Although rubrics have become increasingly popular for almost every assignment in every course, rubrics by their very nature stifle authentic response….limit students’ initiatives for creativity and deep learning outside the parameters of the assignment”
— Lent, 2006, p. 103
 

In Challenging Learning Through Feedback (Nottingham & Nottingham, 2017), they state, “Feedback is information we receive that helps to shape our next response…. However, when it comes to feedback in education, the process is very often over formalized. Indeed, many students seem to believe that feedback has to come from their teacher and that the feedback has to be written down and accompanied by a grade or score. And yet this is a mistake.

Instead, it is much better to think of feedback as any message- formal or informal, verbal or nonverbal, written or spoken- that helps shape the receiver’s next response. Thinking about it in this way will make it much more likely that feedback becomes an integral and everyday part of the learning process” (p. 7)

I found both of these quotes to align, in that when giving feedback, there is a qualitative element to it. In education, we are working with human beings who grow from affective, quality factors. Not just quantitative grades and scores.

This year, aligned rubrics have been proposed across grade levels. However, this then would require educators to grade the same way on assessments like essays. This also will require educators to analyze grading practices and philosophies, such as opportunities to redo assessments or correct mistakes.

I have prompted my district to utilize a “mastery” program through our learning management system (Schoology). This mastery program would require educators to apply Common Core State Standards (CCSS) to assessments over the course of the school year and see how their learners grow within those standards throughout the year. Instead of using data points from the few standardized assessments given in a school year, educators would get an entire year’s view of a learner’s growth within grade level standards. This mastery report could potentially travel with the learner, much like standardized assessment data points, allowing for educators to differentiate more efficiently and effectively. This adds a qualitative approach to classroom instruction and assessing due to knowing what kind of feedback to offer to your different learner’s needs.

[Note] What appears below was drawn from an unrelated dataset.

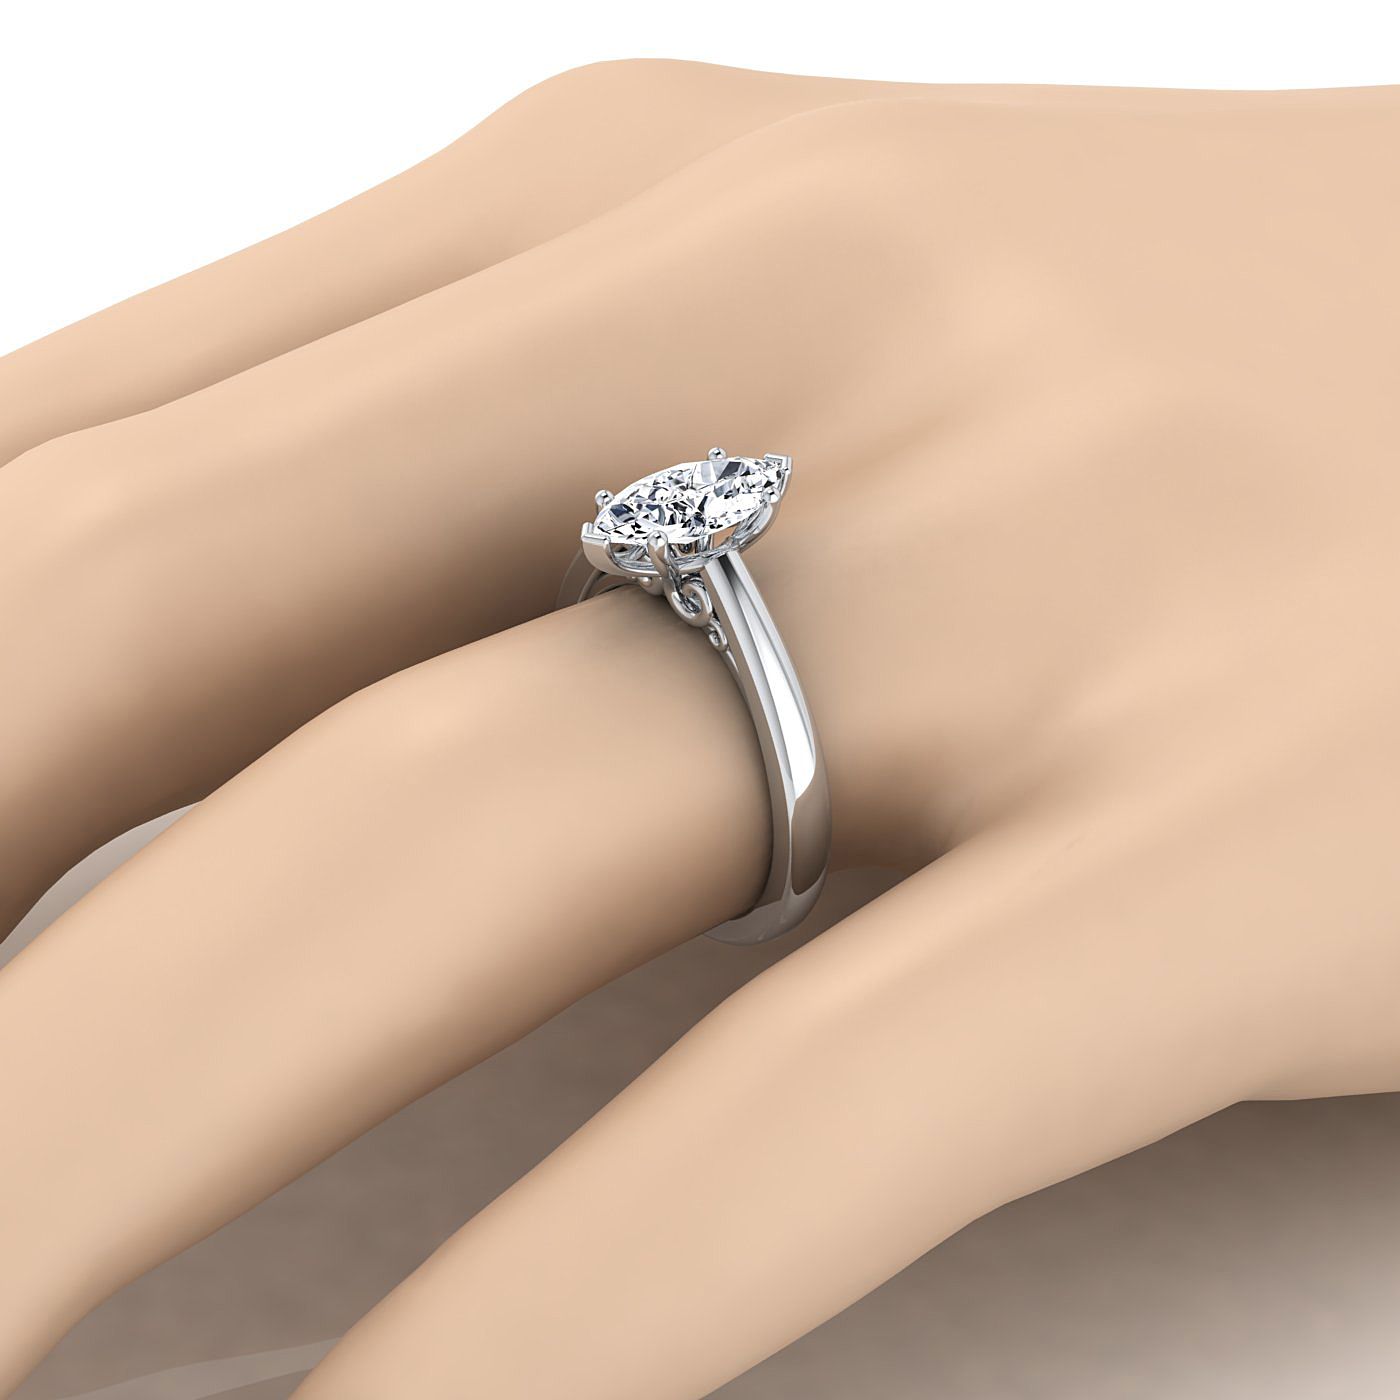 14K White Gold Marquise  Scroll Gallery Comfort Fit Solitaire Engagement Ring

In considering rubrics, I feel that once a learner sees the expectations, they will only fulfill those expectations and nothing else. The rubric can act as a barrier rather than as a basic launching platform for a learner’s capabilities and innovation. I prefer to make user-friendly, easy to understand checklists that ask for logistical expectations.


Lent, R.C. (2006). Engaging adolescent learners: A guide for content-area teachers. Portsmouth, NH: Heinemann.